Heather brightened instantly. "Did you know it's Amy's birthday today?"
Amy Peters is Heather's stepmother. "I had no idea."
"I know what I want to get for her birthday present-Frangos. You know, those chocolate things?" Heather prattled on. "She just loves Frangos. I've got enough money, but my dad's too busy to take me to the Bon. I could walk there by myself, if I had Charley along to look out for me, but then what would happen to her when I went inside the store?"
What indeed? Forty-five minutes later, I was cooling my heels on the corner of Fourth and Stewart outside the Bon Marche, one of Seattle's premier department stores. I stood there hoping to God none of my fellow police officers would see me doing dog-sitting duty with that arrogant, snooty animal. Charley and I seemed to be of the same mind-we were both pretending we'd never seen each other before, which is hard to do when you're on opposite ends of the same leash.
Much as I hate to admit it, Charley was an exceptionally well-behaved dog. Although nearly as tall as Heather, the dog obeyed all instructions issued by her diminutive keeper. Head held high, Charley pranced along beside Heather when we walked, or sat with her narrow nose high in the air while we waited for lights to change at intersections.
Heather is a cute kid in her own right; always has been. Charley is a beautiful dog, and the two of them were a winning combination. Just like any ordinary regular uncle, I got a boot of pride out of the way passersby craned their necks to take a second look.
We spent some time window-shopping downtown and sauntering through the Saturday morning throngs at the Pike Place Market. I told myself I was just minding my grandmother-taking the time to stop and smell the flowers. Along the way, I picked up some groceries. With the gourmet cook Ralph Ames due to arrive the next day, I couldn't afford to be caught foodless in Seattle.
Back at Belltown Terrace, I said good-bye to Heather and Charley in the elevator, put away the groceries, then pic
ked up the phone and dialed Ashland, Oregon. Jeremy Todd Cartwright III, my recently acquired son-in-law, answered the phone.
"Kelly's outside with the kids. Want me to go get her?"
Kelly runs a day-care center out of their newly remodeled home, so she is often "outside with the kids." One of those kids, Kayla-short for Karen Louise-is my only grandchild.
"Don't bother. I can talk to you. Do you and Kelly have any plans for Thanksgiving?"
Jeremy paused. "We had talked about going down to Cucamonga, to visit Dave and Karen, but Dave called the other day and says he doesn't think Karen will be up to having company."
Karen Livingston, my first wife and Kelly's mother, has been battling cancer for more than two years now. Dave, her second husband, is a good guy, one I've come to respect more and more over the years. But the fact that Karen didn't want company for Thanksgiving, not even her new granddaughter, was not good news.

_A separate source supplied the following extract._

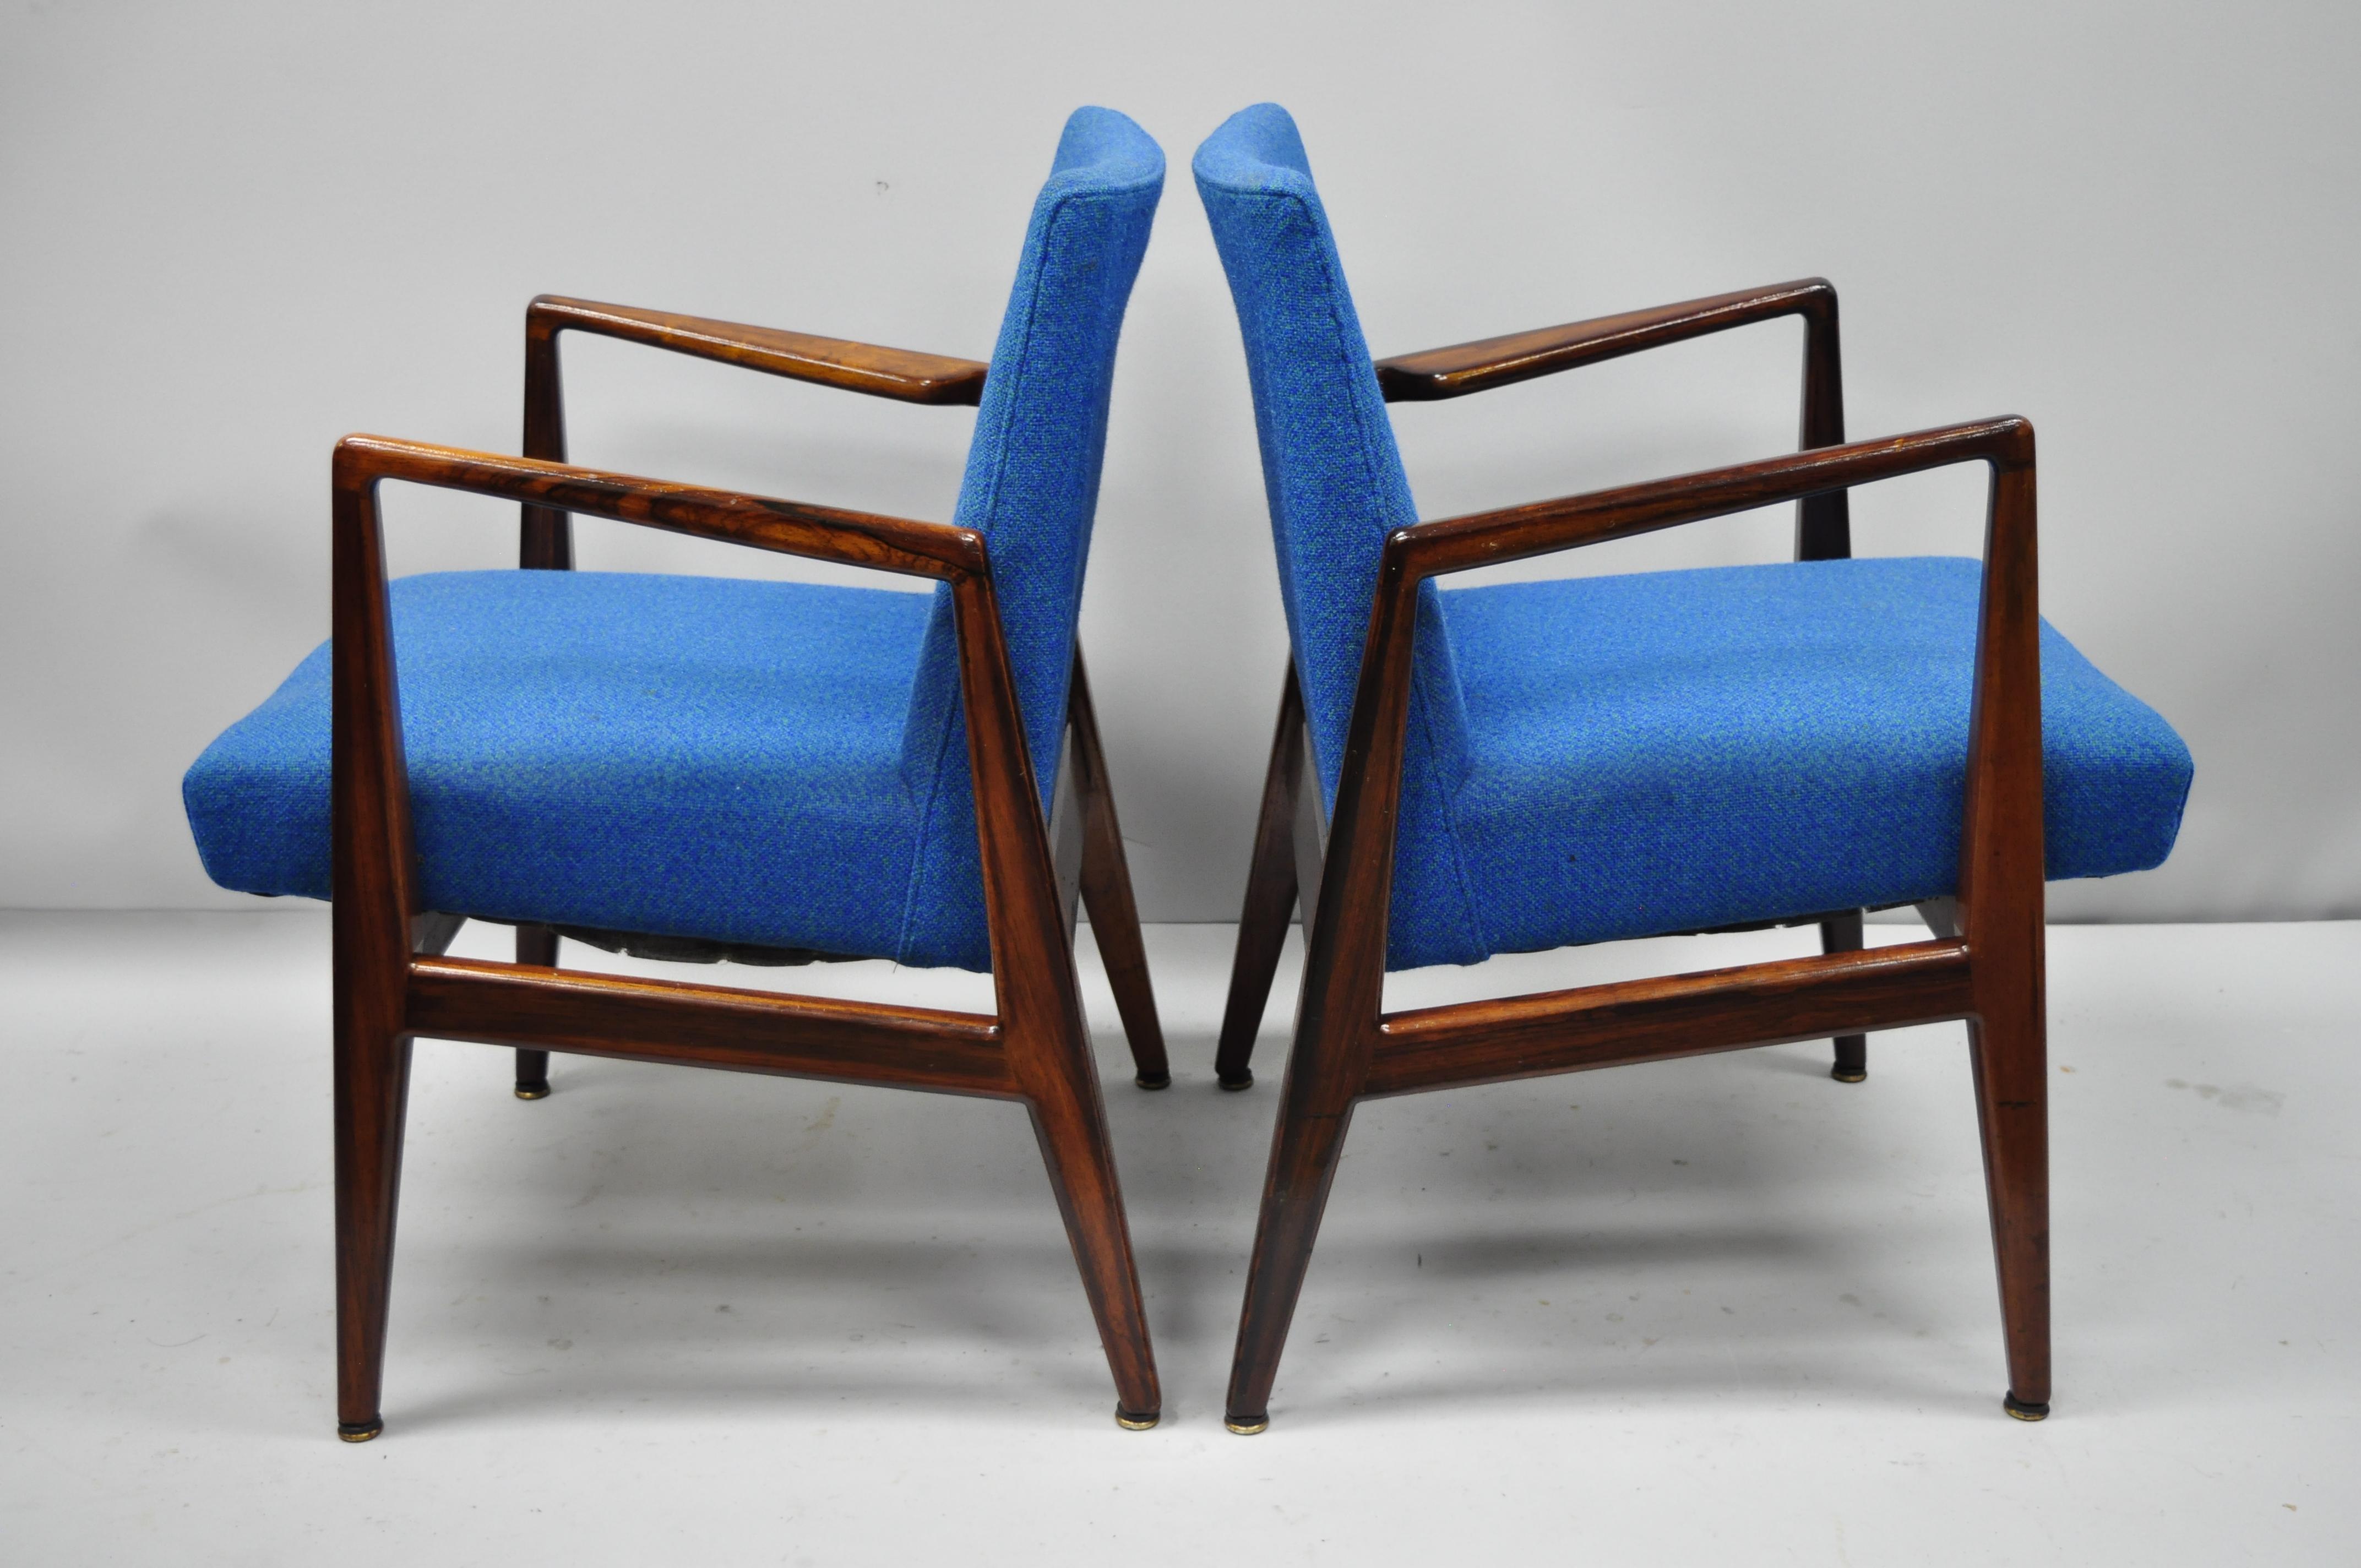 Pair of Jens Risom Rosewood Mid-Century Modern blue fabric armchairs. Item features solid rosewood frame, beautiful wood grain, clean modernist lines, and sleek sculptural form, circa 1950. Measurements: 31

"Besides," Jeremy added gloomily, "I'm not all that sure the old van would make it that far. The clutch may be on its last legs."
"How about coming up here?" I suggested.
"Kelly would probably like that, but I still don't know about the van making it over the passes between here and Eugene."
"Talk it over with her," I said. "I don't need an answer right this minute, but if you want to come, we can see about flying you up from Medford."
Jeremy's reply was interrupted by my call-waiting signal.
I make it a point not to switch calls when I'm on the phone with someone long distance. That seems rude to me. When call-interrupting starts buzzing in my ear, that's the time when I long for the good old days when a dialed telephone offered only one of three uncomplicated results-an answer, a busy signal, or no answer. Life was simpler back then, in more ways than one.
"…expensive?" Jeremy was asking, when I could hear him again.